說出這番話後,名叫段小潔的女孩停下了手頭的事情,把手上的水漬甩幹,往腰間上的衣服擦了擦。
伶俐乖巧,這是我看見女孩的第一反應。
儘管女孩的衣服和着裝並不盡如人意,但從她身上洋溢出來的青春氣息卻格外的討喜,而且她的家教非常好,有些行爲和習慣是自身沒法改變的,起着決定因素的往往是監護人。
“我們是你父親的同事,你的父親在家嗎?”我笑臉相迎的回答着。
女孩聽後短暫的遲疑了片刻,隨後朝着房子裏大聲喊道,“爸,有人找你,是你的同事。”
女孩對着房子喊完之後,又對我們一行人說道,“他可能在裏屋聽不到,你們稍等一下吧,我去叫他出來。”
說完,女孩便拔腿跑向房子裏。
“有什麼想說的嗎?”張文舒展着笑臉,朝我問道。
我緊蹙着眉頭,聲音有些微妙。
“總覺得哪裏有些怪怪的,按照常理來說,如果她清楚的知道她父親的工作,那麼她就一定會思考我們是不是警察,可剛纔她卻選擇直接衝進裏面告訴她的父親。”
“有什麼問題嗎,難道她不告訴她的父親,直接趕我們走纔算正常?”何未央在一旁一臉困惑的問道。
“如果你的父親在警局工作,突然有一天一羣自稱是你父親同事的人出現在你家門口,你會怎麼做?”我反問何未央。
“我會請他們進房間然後先候着,隨後再找我父親確認他們的身份。”何未央有條不紊的回答着。
我點了點頭,隨後又把目光轉向張文,張文此時也在看着我,我們四目相對後又默契的把目光再次移向何未央。
“不是,你們爲什麼這樣看着我?我說的哪裏有問題嗎,你們能不能每次說話不要拐彎抹角的,你這樣我很想賞你一套軍體拳知道嗎。”何未央說完後,還不忘揚起自己的拳頭在空中揮了揮。

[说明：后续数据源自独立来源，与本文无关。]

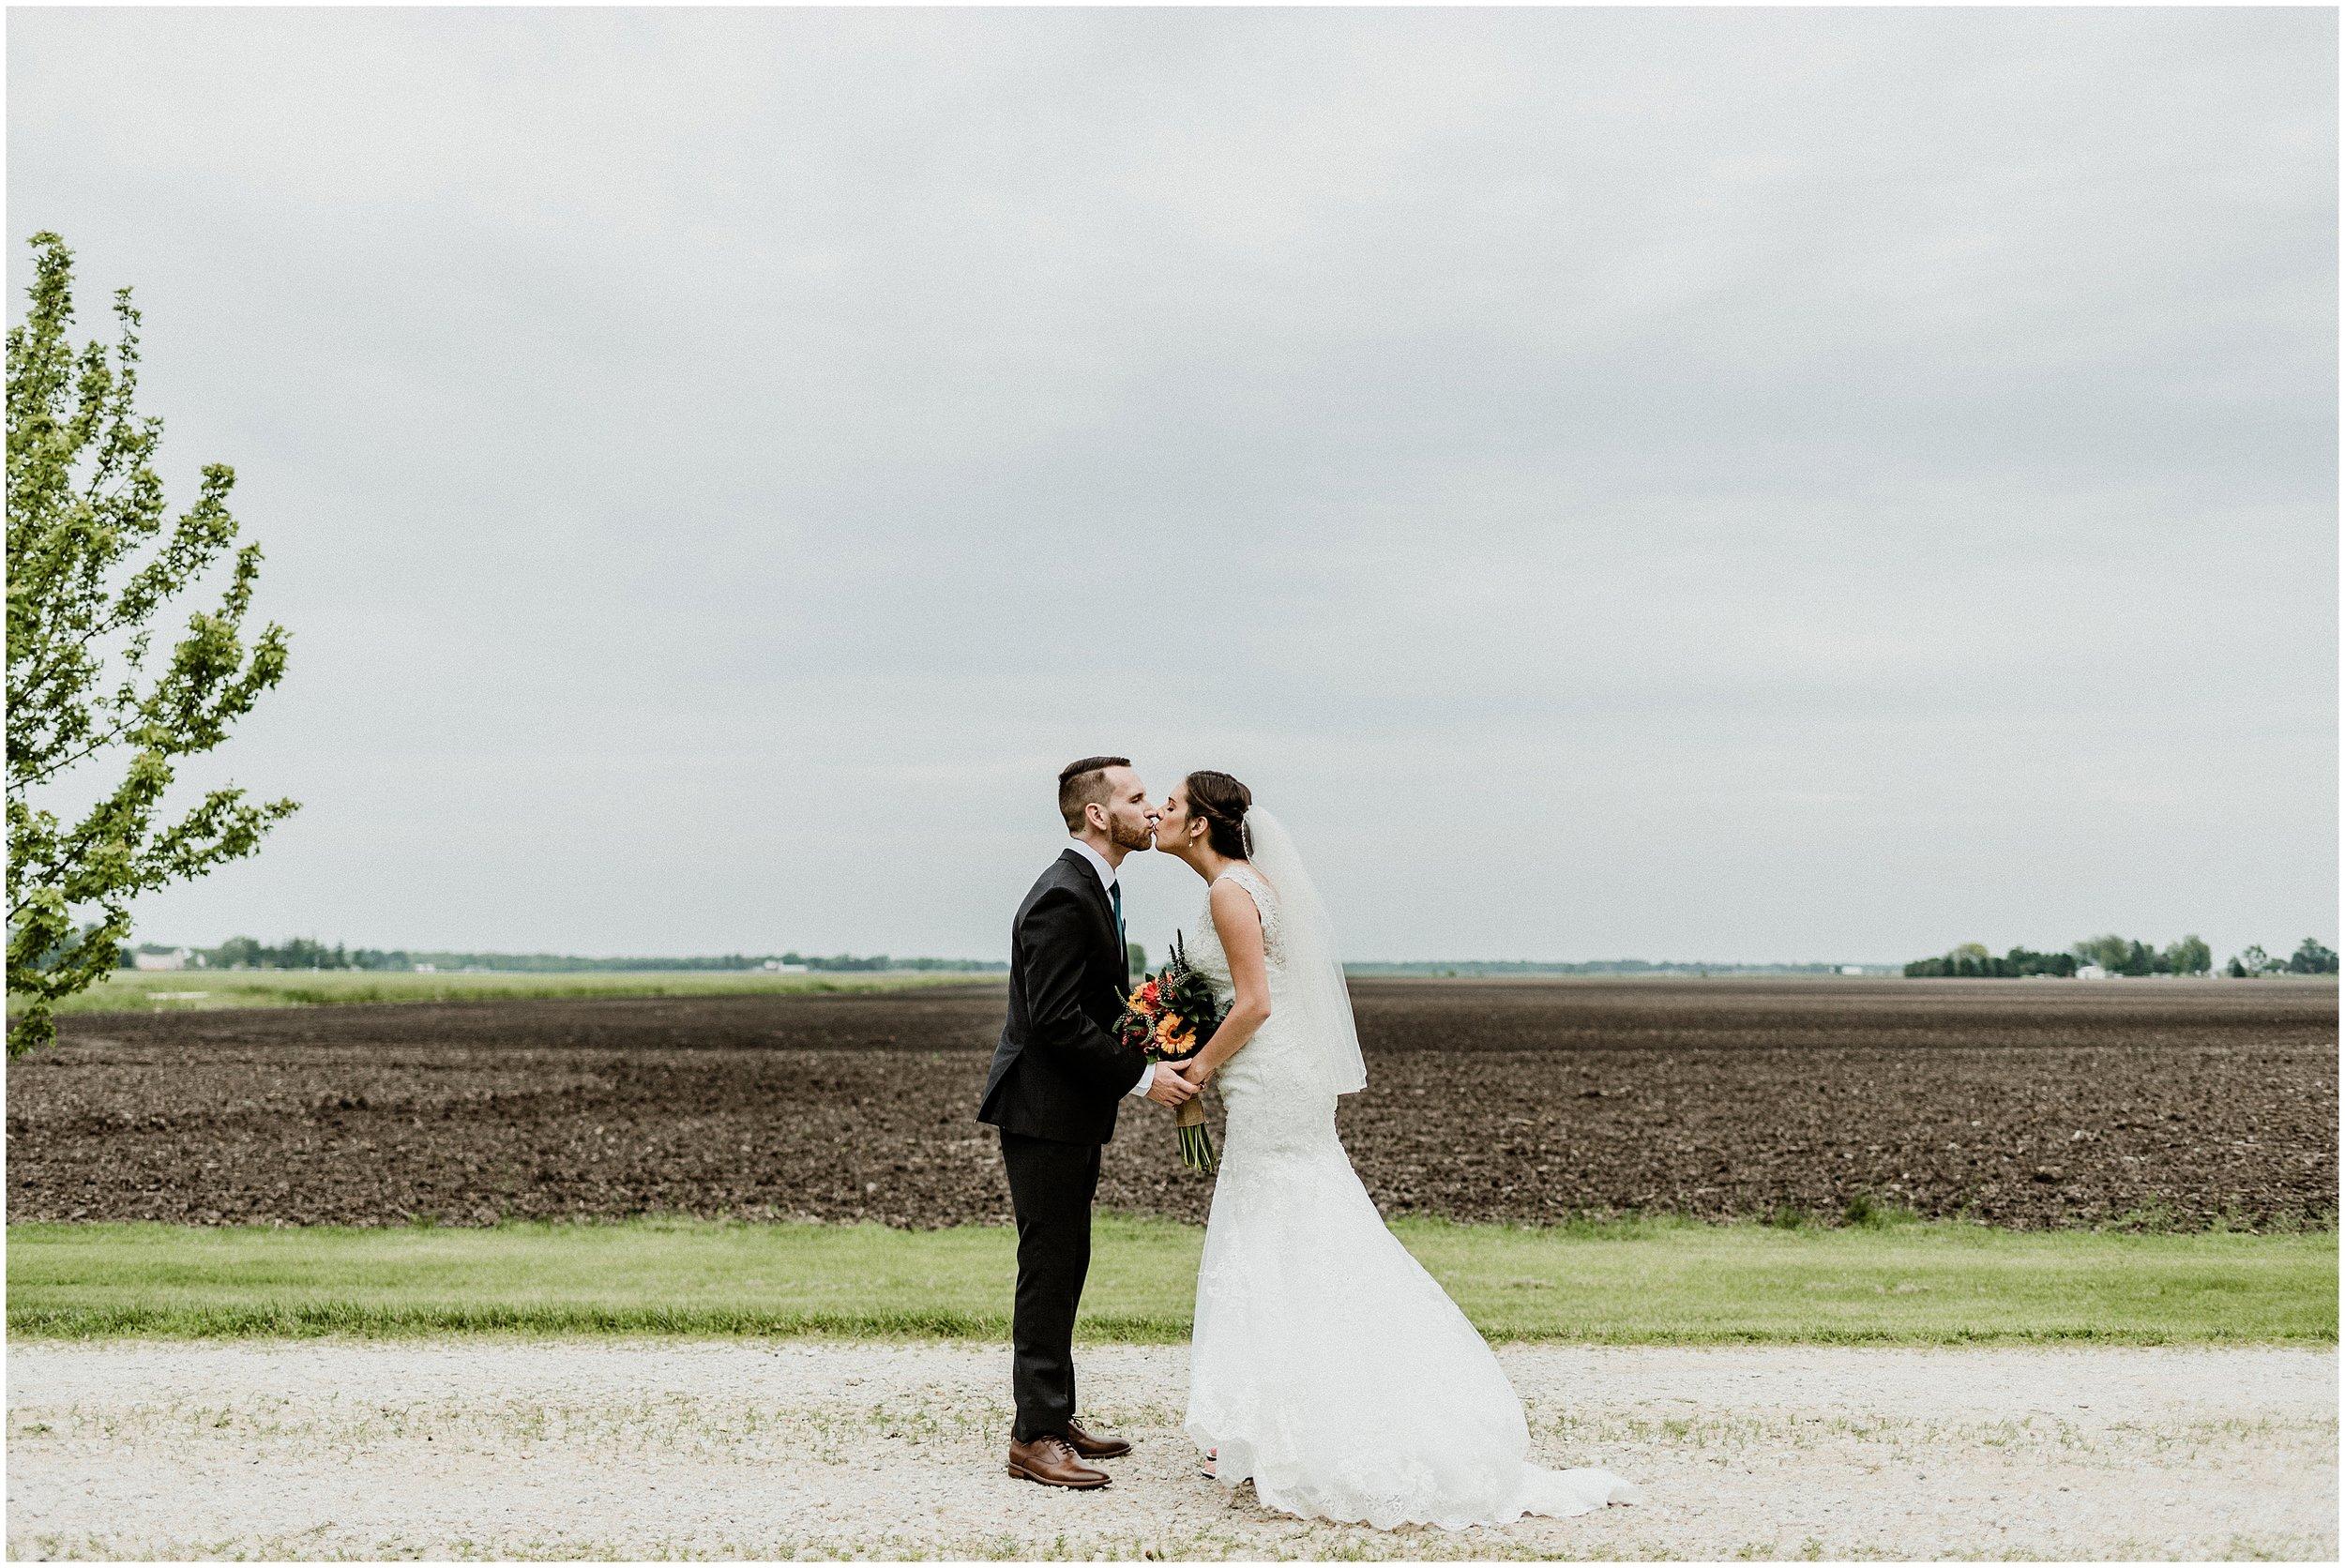 Rustic Romantic Barn Wedding | The Mora Farm Waterman, IL | Chicago Wedding Photographer

過了兩分鐘,段元朝從那棟紅磚瓦房裏走了出來,段小潔很是聽話的跟在了他的身後。
段元朝便是我們一直所提到的那個警隊裏的清潔人員,他的身份實際上並不屬於任何司法單位,只是由外部招聘來的一名普通清潔工,他的工作也並不繁瑣,每日只需要打理好警隊裏的公共區域衛生即可。
段元朝一見到我們衆人,嘴角就咧開了一道細微的笑意,近五十歲的段元朝因工作長期彎腰所以導致有些駝背。
“何隊。”
段元朝禮貌的打了聲招呼後,伸手示意我們進他房子裏去坐,隨後我們一行人便走進了客廳裏,客廳裏有些簡陋,段小潔跑進廚房後端了一個茶壺過來,爲我們每人倒了一杯熱水。
“何隊今天是來這邊辦案嗎?”
作爲東道主的段元朝,首先端起了自己的茶杯,抿了一口白茶後禮節性的問道。
何未央往後撇了一眼,看向的目光正好是我和張文這邊,張文像是沒看到她一樣,直接忽視了何未央投來的求助眼神。
我見狀覺得有些無奈,於是替何未央回答道,“是,我們過來這裏處理一起案子,順便過來看看你。”
“是這樣啊,那幾位喫過晚飯了嗎?我去給大夥準備晚飯吧,小潔,出去買些酒水回來。”
我剛欲起身拒絕,可張文卻在這時給了我一個不易察覺的暗示,他在暗示我不要打斷段元朝。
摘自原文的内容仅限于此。